Step 1: Pick Your Moderation API

Choose based on your stack and threat model:

APIBest ForFree Tier
OpenAI ModerationText toxicity, harassmentYes (rate limited)
AWS ComprehendPII detection, multilingual50K units/month
Perspective APIComment toxicity, civil discourseYes (apply required)

This guide uses OpenAI Moderation — zero setup if you already use the OpenAI API, and it covers the most common abuse categories.


Step 2: Install Dependencies

pip install openai>=1.0.0 python-dotenv

Create a .env file:

OPENAI_API_KEY=sk-...

Step 3: Build the Moderation Client

# moderation.py
import os
from openai import OpenAI
from dotenv import load_dotenv

load_dotenv()
client = OpenAI(api_key=os.getenv("OPENAI_API_KEY"))

# Threshold above which we block the request
BLOCK_THRESHOLD = 0.80

# Categories you want to enforce — tune to your use case
ENFORCED_CATEGORIES = [
    "harassment",
    "harassment/threatening",
    "hate",
    "hate/threatening",
    "self-harm",
    "sexual/minors",
    "violence",
    "violence/graphic",
]


def moderate_prompt(prompt: str) -> dict:
    """
    Returns a dict with:
      - blocked (bool): True if the prompt should be rejected
      - reason (str | None): Category that triggered the block
      - scores (dict): Raw category scores for logging
    """
    response = client.moderations.create(input=prompt)
    result = response.results[0]

    scores = result.category_scores.model_dump()
    flagged_categories = result.categories.model_dump()

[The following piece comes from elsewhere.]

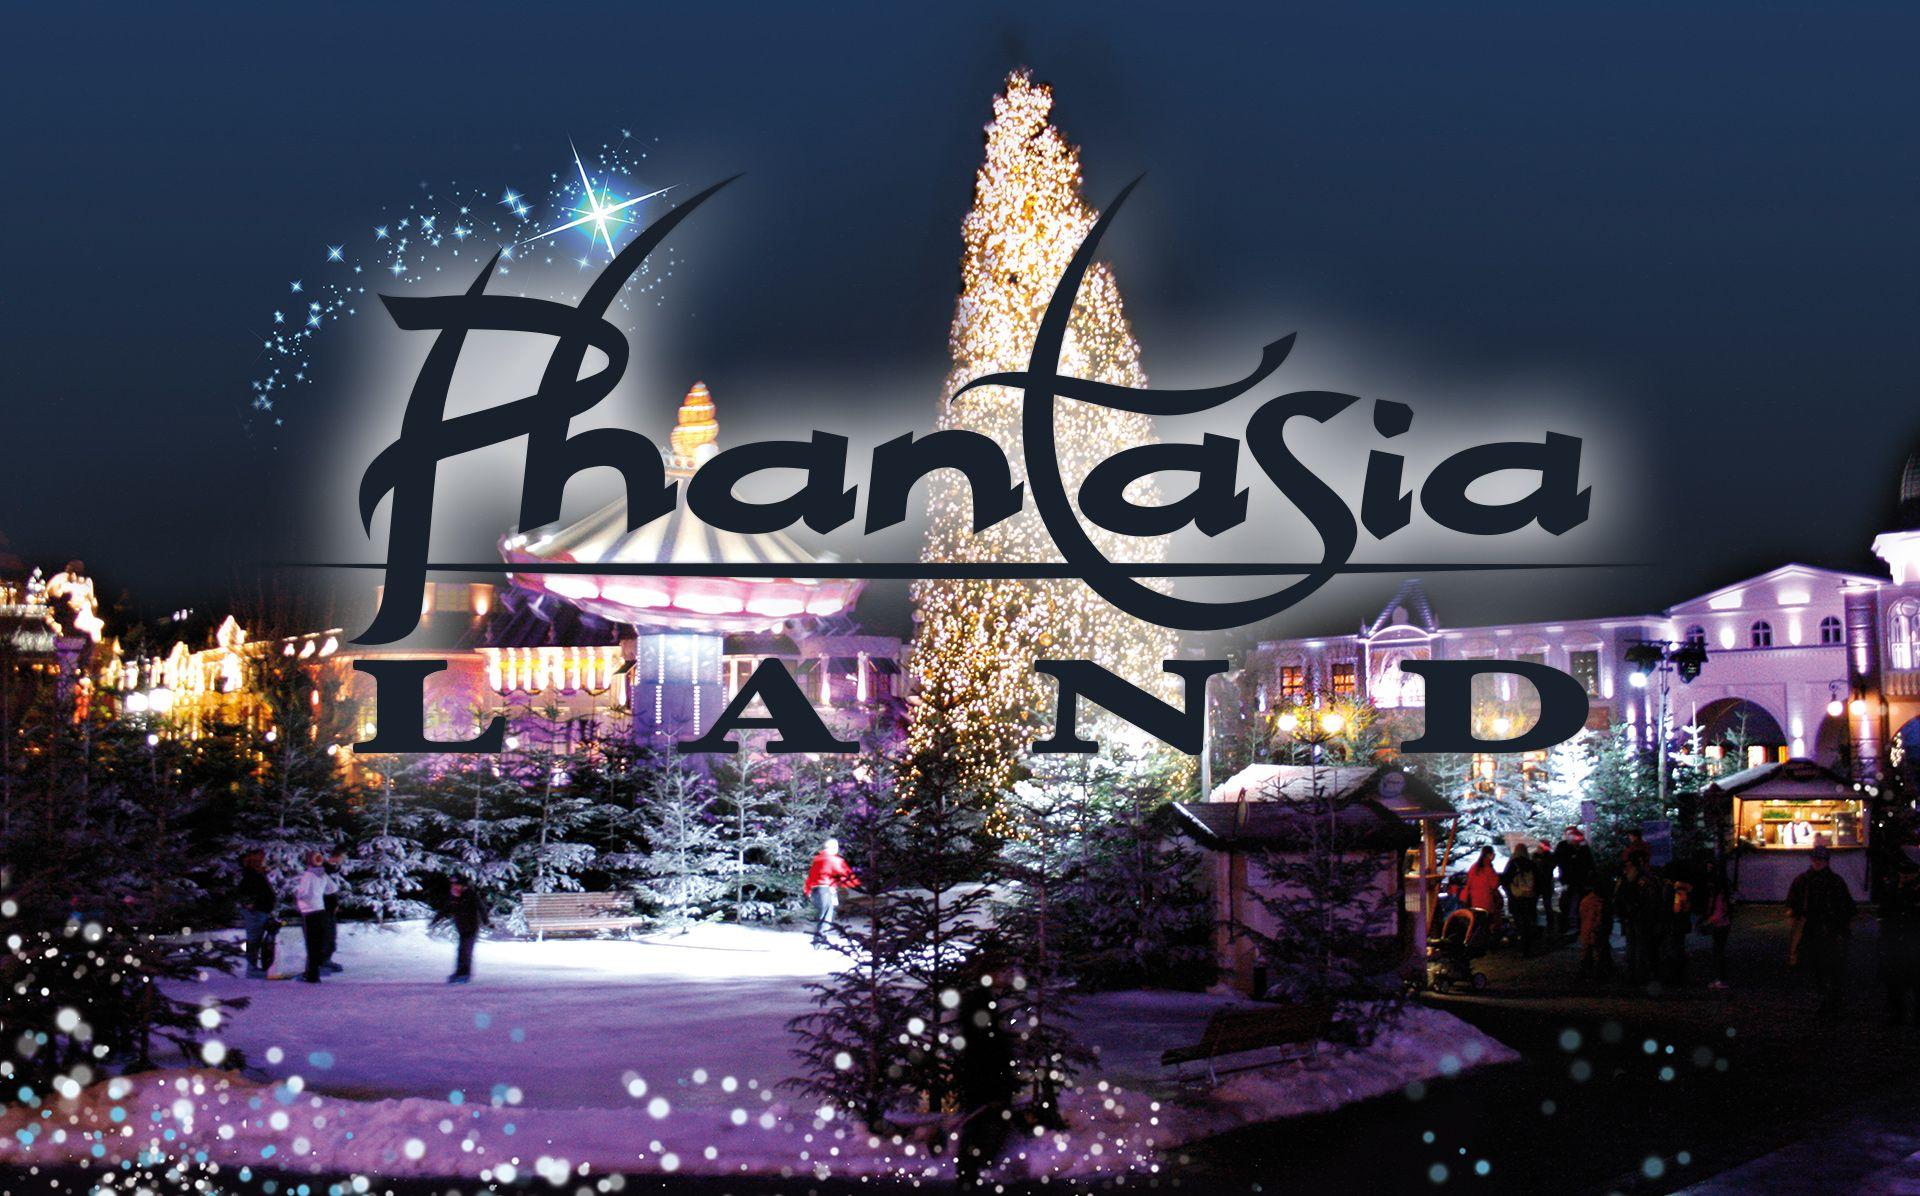 Phantasialand Wintertraum 2015 Steht Bevor Action Spass Und Magie Pur Ab 21 November Phantasialand Freizeitpark Ruhrgebiet
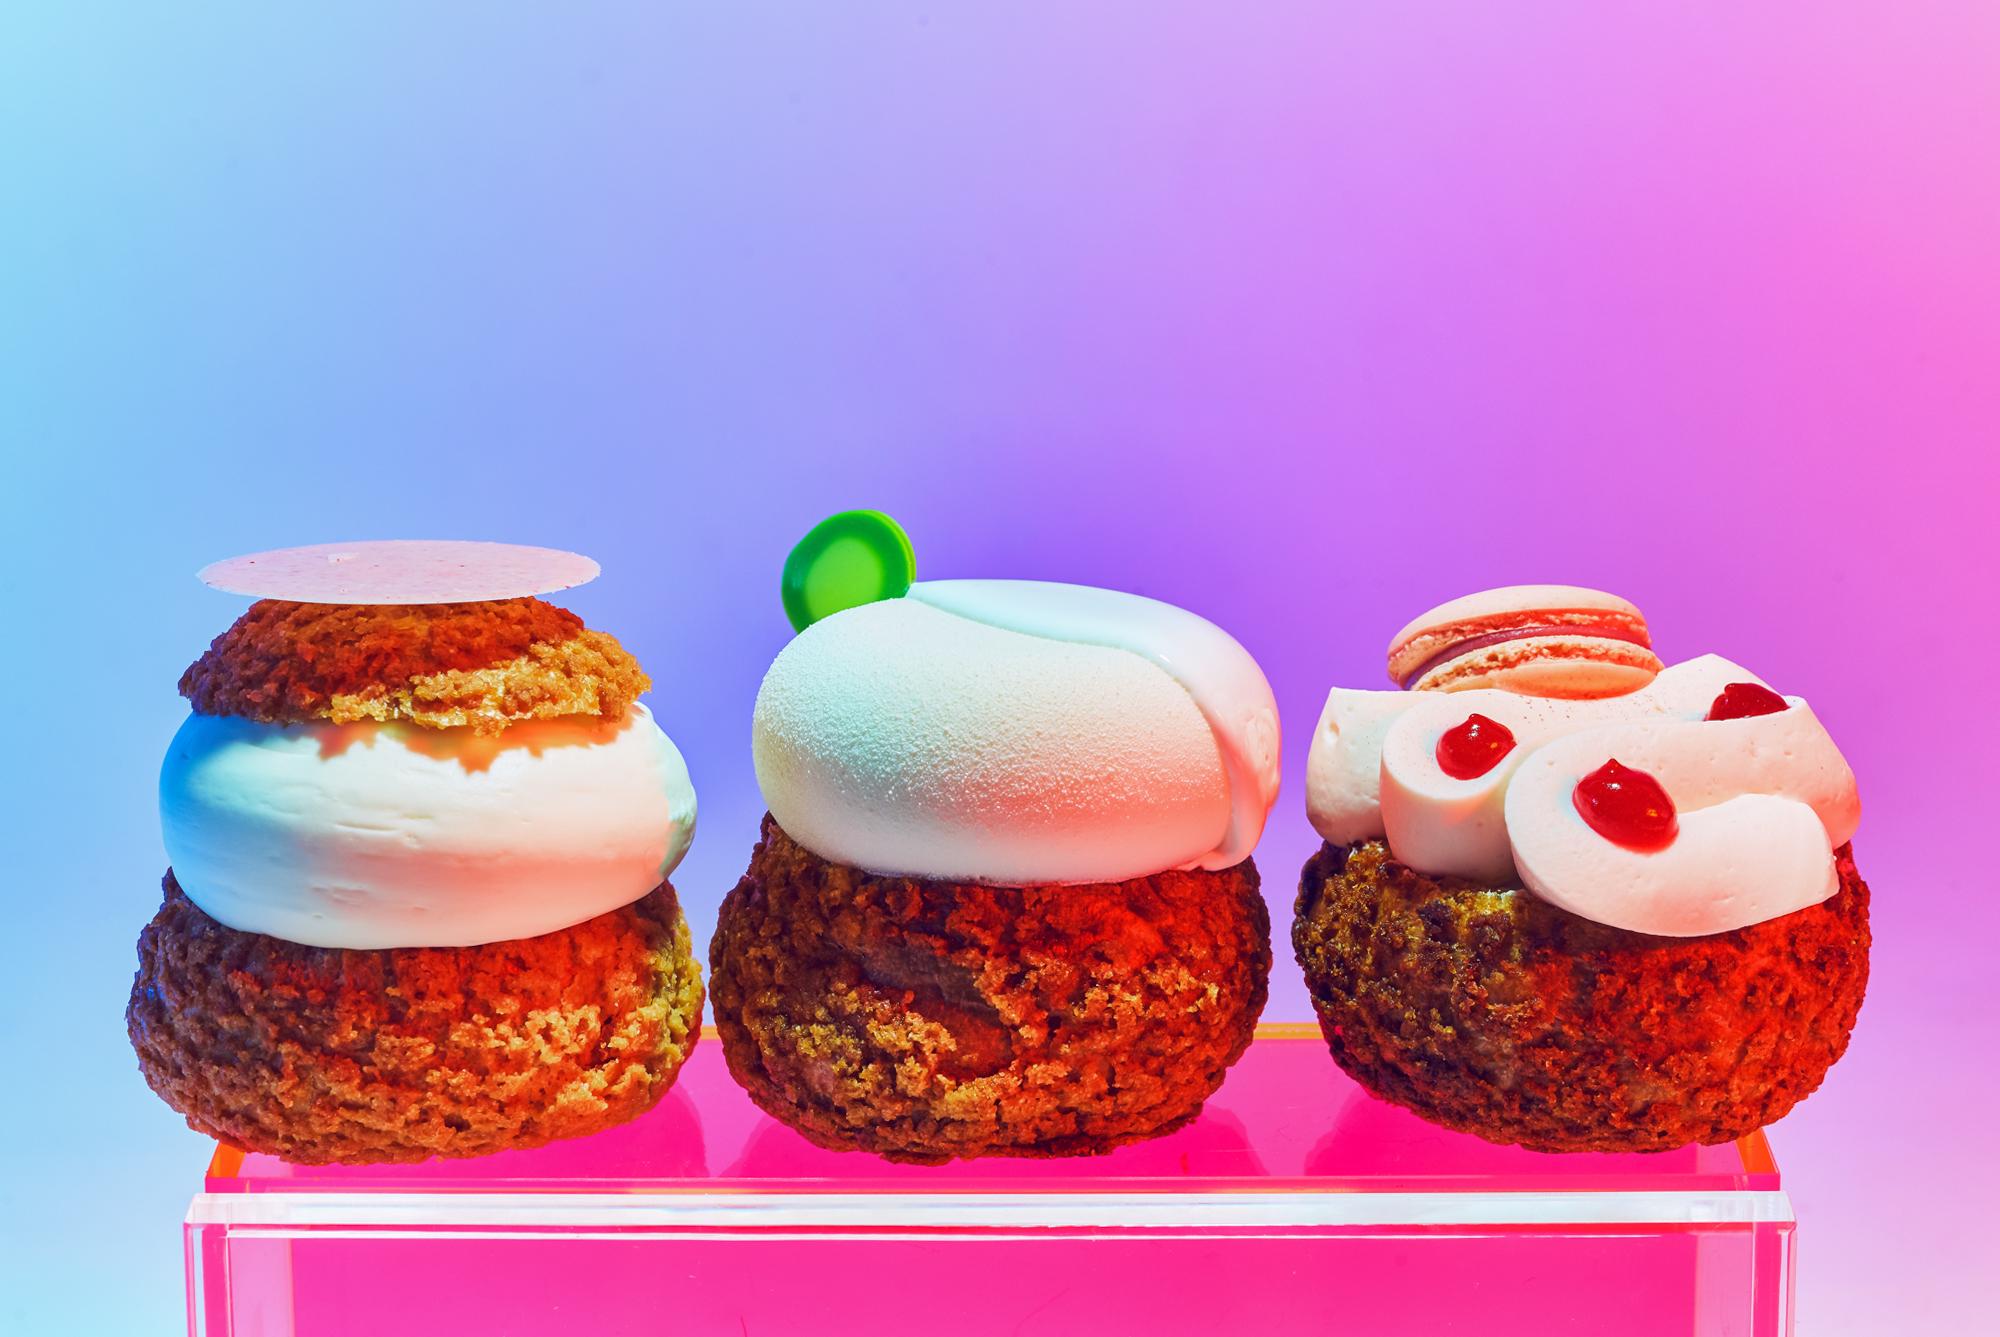 Indulgence Made Pretty: Beta5 Chocolates and Cream Puffs

    # Check if any enforced category exceeds threshold
    for category in ENFORCED_CATEGORIES:
        score = scores.get(category, 0)
        if flagged_categories.get(category) or score >= BLOCK_THRESHOLD:
            return {
                "blocked": True,
                "reason": category,
                "scores": scores,
            }

    return {"blocked": False, "reason": None, "scores": scores}

Expected: Function returns a clean dict — no exceptions thrown for moderation decisions.

If it fails:

  • AuthenticationError: Check your OPENAI_API_KEY in .env
  • RateLimitError: Add retry logic (see Step 5)

Step 4: Wire It Into Your Request Pipeline

# main.py
from moderation import moderate_prompt

def handle_user_request(user_prompt: str) -> str:
    # Always moderate before sending to your model
    mod_result = moderate_prompt(user_prompt)

    if mod_result["blocked"]:
        # Log the attempt for auditing — don't expose reason to user
        log_moderation_event(user_prompt, mod_result)
        return "I can't help with that request."

    # Safe to forward to your model
    return call_your_llm(user_prompt)


def log_moderation_event(prompt: str, result: dict):
    # Replace with your logging setup (Datadog, CloudWatch, etc.)
    print(f"[MODERATION BLOCK] reason={result['reason']} scores={result['scores']}")

Why we don't expose the reason: Telling users exactly which category triggered the block helps them refine their bypass attempts.


Step 5: Add Retry Logic for Production

The moderation API can fail transiently. Don't let API errors block all user requests.

# moderation.py — updated with retries
import time
from openai import OpenAI, APIError, RateLimitError

MAX_RETRIES = 3
RETRY_DELAY = 0.5  # seconds


def moderate_prompt(prompt: str) -> dict:
    for attempt in range(MAX_RETRIES):
        try:
            response = client.moderations.create(input=prompt)
            result = response.results[0]
            scores = result.category_scores.model_dump()
            flagged = result.categories.model_dump()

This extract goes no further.